Correction of sequencing versus PCR errors

benjjneb / dada2

Accurate sample inference from amplicon data with single nucleotide resolution

http://benjjneb.github.io/dada2/

GNU Lesser General Public License v3.0

469 stars 142 forks source link

Correction of sequencing versus PCR errors #878

Closed BrianGrillPhD closed 4 years ago

BrianGrillPhD commented 4 years ago

Does anyone know if DADA2 corrects sequence errors arising from PCR or just those that occur during Illumina sequencing? Looking at the documentation, it's clear that the algorithm corrects for sequencing errors, but I'm not seeing specific mentions of PCR errors. If PCR errors are not corrected, are people taking DADA2 output and running it through another pipeline like ObiTools?

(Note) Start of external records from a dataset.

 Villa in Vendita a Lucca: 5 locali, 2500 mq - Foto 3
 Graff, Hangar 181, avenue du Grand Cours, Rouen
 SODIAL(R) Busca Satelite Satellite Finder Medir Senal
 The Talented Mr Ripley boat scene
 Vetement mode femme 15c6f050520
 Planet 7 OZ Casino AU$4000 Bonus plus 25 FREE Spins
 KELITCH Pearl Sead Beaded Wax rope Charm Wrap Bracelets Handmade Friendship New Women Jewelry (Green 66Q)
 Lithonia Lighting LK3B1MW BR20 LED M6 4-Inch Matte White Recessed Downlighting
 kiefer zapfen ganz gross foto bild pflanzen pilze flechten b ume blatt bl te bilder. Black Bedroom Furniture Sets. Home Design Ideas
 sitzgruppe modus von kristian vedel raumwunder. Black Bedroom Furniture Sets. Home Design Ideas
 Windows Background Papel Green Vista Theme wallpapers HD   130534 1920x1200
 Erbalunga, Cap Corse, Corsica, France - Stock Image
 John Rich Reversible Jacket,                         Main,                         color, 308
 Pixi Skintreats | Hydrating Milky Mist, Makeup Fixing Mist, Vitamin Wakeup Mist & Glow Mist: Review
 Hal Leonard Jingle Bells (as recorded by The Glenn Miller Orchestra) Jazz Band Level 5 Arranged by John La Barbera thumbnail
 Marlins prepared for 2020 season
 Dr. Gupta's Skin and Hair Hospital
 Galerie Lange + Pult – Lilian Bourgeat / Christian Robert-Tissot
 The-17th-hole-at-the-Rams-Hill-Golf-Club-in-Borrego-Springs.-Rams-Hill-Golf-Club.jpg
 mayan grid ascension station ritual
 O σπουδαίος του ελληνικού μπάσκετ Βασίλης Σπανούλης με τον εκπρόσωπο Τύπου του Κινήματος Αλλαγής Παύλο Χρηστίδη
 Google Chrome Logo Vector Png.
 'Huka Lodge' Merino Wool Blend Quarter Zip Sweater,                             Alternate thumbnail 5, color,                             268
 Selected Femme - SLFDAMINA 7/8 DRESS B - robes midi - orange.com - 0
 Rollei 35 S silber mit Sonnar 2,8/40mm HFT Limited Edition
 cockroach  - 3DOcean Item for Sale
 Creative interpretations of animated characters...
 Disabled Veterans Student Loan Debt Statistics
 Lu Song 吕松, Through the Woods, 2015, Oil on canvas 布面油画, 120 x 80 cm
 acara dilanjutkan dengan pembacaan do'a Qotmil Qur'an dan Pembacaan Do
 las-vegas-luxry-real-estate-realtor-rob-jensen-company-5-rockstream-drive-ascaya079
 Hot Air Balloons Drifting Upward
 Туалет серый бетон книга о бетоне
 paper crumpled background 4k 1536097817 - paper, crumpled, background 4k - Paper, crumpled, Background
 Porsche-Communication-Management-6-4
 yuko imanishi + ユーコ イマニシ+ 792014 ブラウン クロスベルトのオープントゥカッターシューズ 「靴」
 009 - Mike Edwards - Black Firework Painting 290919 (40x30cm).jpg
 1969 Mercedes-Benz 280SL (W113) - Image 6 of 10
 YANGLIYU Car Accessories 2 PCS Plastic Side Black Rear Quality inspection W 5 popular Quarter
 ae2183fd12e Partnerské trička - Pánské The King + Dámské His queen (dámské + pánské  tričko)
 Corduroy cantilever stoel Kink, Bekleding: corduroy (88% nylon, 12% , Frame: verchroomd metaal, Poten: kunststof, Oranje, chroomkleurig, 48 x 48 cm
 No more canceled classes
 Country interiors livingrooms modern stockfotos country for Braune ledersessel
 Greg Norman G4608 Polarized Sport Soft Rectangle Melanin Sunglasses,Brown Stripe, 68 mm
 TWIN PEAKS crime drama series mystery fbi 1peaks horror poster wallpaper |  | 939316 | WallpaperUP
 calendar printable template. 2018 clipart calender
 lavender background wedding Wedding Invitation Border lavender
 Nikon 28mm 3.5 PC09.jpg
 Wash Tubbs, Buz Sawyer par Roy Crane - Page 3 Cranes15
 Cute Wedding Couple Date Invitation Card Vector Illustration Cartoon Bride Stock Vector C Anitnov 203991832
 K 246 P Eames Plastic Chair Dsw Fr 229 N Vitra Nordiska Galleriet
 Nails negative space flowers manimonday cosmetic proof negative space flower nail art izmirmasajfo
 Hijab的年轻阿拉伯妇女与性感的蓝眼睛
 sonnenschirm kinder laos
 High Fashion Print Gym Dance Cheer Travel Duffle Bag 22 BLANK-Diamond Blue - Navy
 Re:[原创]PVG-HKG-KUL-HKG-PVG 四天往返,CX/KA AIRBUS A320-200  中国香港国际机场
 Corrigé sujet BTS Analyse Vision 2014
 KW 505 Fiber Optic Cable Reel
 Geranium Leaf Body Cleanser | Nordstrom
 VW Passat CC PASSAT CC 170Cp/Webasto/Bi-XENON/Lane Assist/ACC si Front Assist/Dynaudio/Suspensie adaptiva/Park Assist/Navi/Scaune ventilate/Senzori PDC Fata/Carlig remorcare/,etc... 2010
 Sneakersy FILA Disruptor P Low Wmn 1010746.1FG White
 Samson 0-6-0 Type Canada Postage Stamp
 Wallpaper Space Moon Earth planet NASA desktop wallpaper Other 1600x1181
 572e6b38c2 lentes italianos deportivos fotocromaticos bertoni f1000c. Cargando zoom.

This question is prompted by the observation that there are more ASVs in my dataset than I would expect based on known marker variation and the diversity of the study area. The data are trnL P6 reads sequenced 2 x 75 bp on an Illumina MiSeq for diet analysis. The data have been processed using settings based on the ITS tutorial (primers removed in all orientations and adjusted filter and trim settings). Could extra ASVs be resulting from biological length variation?

benjjneb commented 4 years ago

DADA2 corrects both PCR and sequencing errors.

This question is prompted by the observation that there are more ASVs in my dataset than I would expect based on known marker variation and the diversity of the study area.

The three main ways this could happen would be (1) more biological sequence variation than realized at this locus, (2) library preparation artefacts that introduce spurious variation, or (3) the algorithm itself not performing well in correcting errors.

The data have been processed using settings based on the ITS tutorial (primers removed in all orientations and adjusted filter and trim settings).

Is the trnL locus highly variable in length? If not, it might help a bit to truncate to a fixed length as per the regular tutorial. Also, are the paired end sequences overlapping? If so, how much?

BrianGrillPhD commented 4 years ago

Thanks for your response Ben.

Below is the output from plotErrors. What do you think?

Screen Shot 2019-11-06 at 3 20 51 PM

The trnL locus is pretty length variable. The reference library we have built for plants in this area ranges from ~10-150 with a modal length of 50. See below:

Reference Library

With a required 12 bp overlap, primers of lengths 17 and 22, and a 2 x 75 bp kit, we are thus incapable of getting anything over ~100 bp. The solution we've come up with to probe that is to process the data as single end and compare missing ASVs.

benjjneb commented 4 years ago

Those error plots look pretty normal, nothing that would raise any alarms for me.

The reference library we have built for plants in this area ranges from ~10-150 with a modal length of 50.

That is very variable... One thing that might be worth trying is to run collapseNoMismatch on the final sequence table (and please use 1.14.0 or later as a bug was fixed in that function recently). That would collapse any variation that was just based on different sequence lengths.

The solution we've come up with to probe that is to process the data as single end and compare missing ASVs.

Can you clarify... are you using just the forward reads? Or merging somehow? What does "compare missing ASVs" mean?

BrianGrillPhD commented 4 years ago

Great to know about collapseNoMismatch! It does not seem to have a huge effect on this dataset though (just 10 of 665 ASVs collapsed) indicating that length variation is probably not driving up the number of ASVs.

Looking at the ASVs assigned to one species, it seems like the algorithm really is finding support for lots of slight variations. See below.

Screen Shot 2019-11-06 at 4 16 41 PM

Re: Comparing output of single v paired end approaches. Because the DADA2 merging step will discard things that can't be merged because they have no overlap, we were comparing the ASVs output when we processed just the forward reads (presumably retaining representation of even long ASVs without overlap needed to merging if processed as paired end) versus processing the data as paired end (and allowing the program to remove things that can't be merged).